The biggest losers

Published September 29, 2015

Editorial by Greensboro News-Record, September 29, 2015.

For once, it seems, South Carolina fares better at something we don’t want to be as good at.

The Palmetto State’s obesity rate of 32.1 percent places it at 10th the nation. At 29.7 percent, North Carolina ranks 24th in the latest report on obesity released by the Trust for America’s Health and the Robert Wood Johnson Foundation.

That’s lower than every Southern state except Virginia (28 percent, or 41st nationally) and slightly below the national average.

Among its other Southern peers, the Tar Heel state looks almost svelte by comparison: Arkansas leads the nation at 35.9 percent, followed by No. 2 West Virginia (35.7 percent), No. 3 Mississippi (35.5 percent), No. 4 Louisiana (34.9 percent), No. 5 Alabama (33.5 percent), No. 10 South Carolina, No. 11 Texas (31.9 percent), No. 12 Kentucky (31.6 percent) and No. 14 Tennessee (31.2 percent).

Still, North Carolina’s fair-to-middling national ranking is nothing to brag about. The state’s obesity rate has increased nearly 10 percentage points since 2000. It was 20.9 percent 15 years ago and only 12.3 percent in 1990. And it’s still rising.

This means the best news about obesity rates in North Carolina is that they could be worse. The whole country is in lousy shape.
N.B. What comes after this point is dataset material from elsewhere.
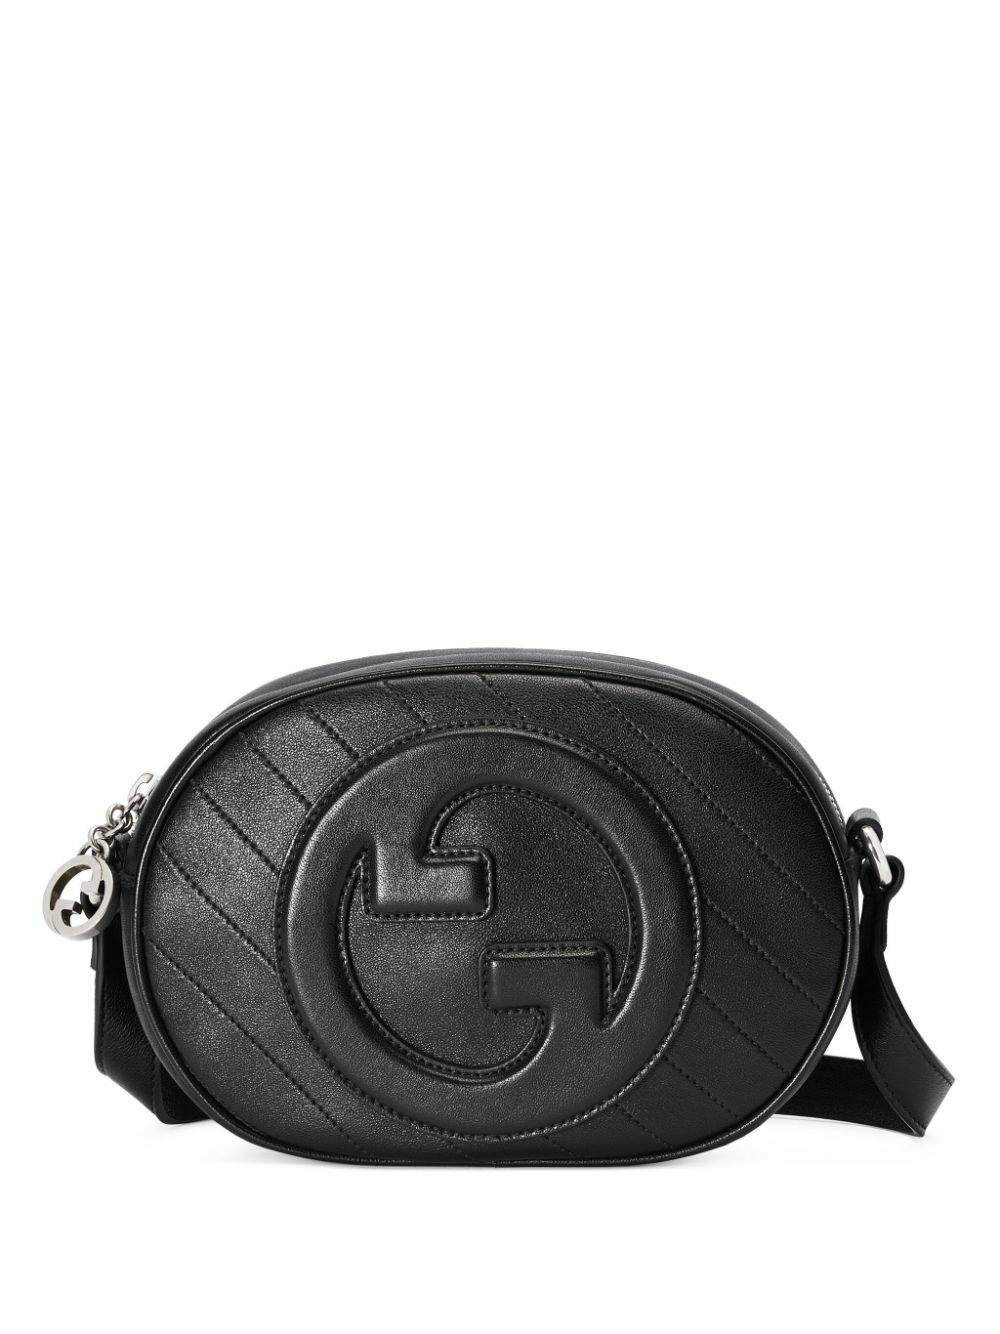 GUCCI - Blondie Mini Leather Crossbody Bag Gucci

Overall, 22 states have obesity rates above 30 percent. Nearly 35 percent, or roughly 79 million, U.S. adults are obese. Nearly 70 percent are either obese or overweight. No state ranks below 20 percent in adult obesity rates. Colorado is least obese, at 21.7 percent.

And, despite a recent downtick in childhood obesity, the national rate remains alarming, affecting 12.7 million children and adolescents ages 2-19.

North Carolina places seventh-highest for its incidence of obese 2- to 4-year-olds living in low-income families.

This does not bode well for their futures. Obesity typically leads to serious illnesses, including heart disease, hypertension, cancer and diabetes.

The sobering numbers affirm a growing trend in health care to stress prevention and healthier lifestyles. “The focus in the future is on keeping you well rather than just treating you when you are sick,” Cone Health CEO Terry Akin said in a July News & Record op-ed.

The report also affirms greater concern and awareness in Greensboro and other communities about food deserts, where, in certain neighborhoods, access to healthy and affordable groceries is limited, if not altogether absent.

It affirms efforts to use community gardens, food trucks and even a cooperative grocery store in northeast Greensboro to close that gap.

It affirms the city’s expansion of its sprawling greenway network, which seeks to link the more than 90 miles of walking trails and bike paths into a more practical means for travel, not simply recreation. The centerpiece of it all, the Downtown Greenway, is gradually taking shape one impressive stretch at a time.

It affirms, yet again, the importance of awareness and education. For instance, in families in which the adult head of household has completed college, the incidence of obesity among children is halved.

Finally, these numbers affirm a component of the Say Yes To Education Initiative in Guilford County, which includes health care among its support services.

Beyond the obvious health benefits of reducing obesity are significant savings in health care costs. One figure places the annual total at $190 billion, or more than 61 percent of health care spending.

They include inpatient and outpatient care, time and productivity lost from work, lower wages and higher insurance premiums.

Memo to those Americans who take haughty pride in “exercising” your right to eat unhealthy diets and live unhealthy lifestyles: You’re costing us all.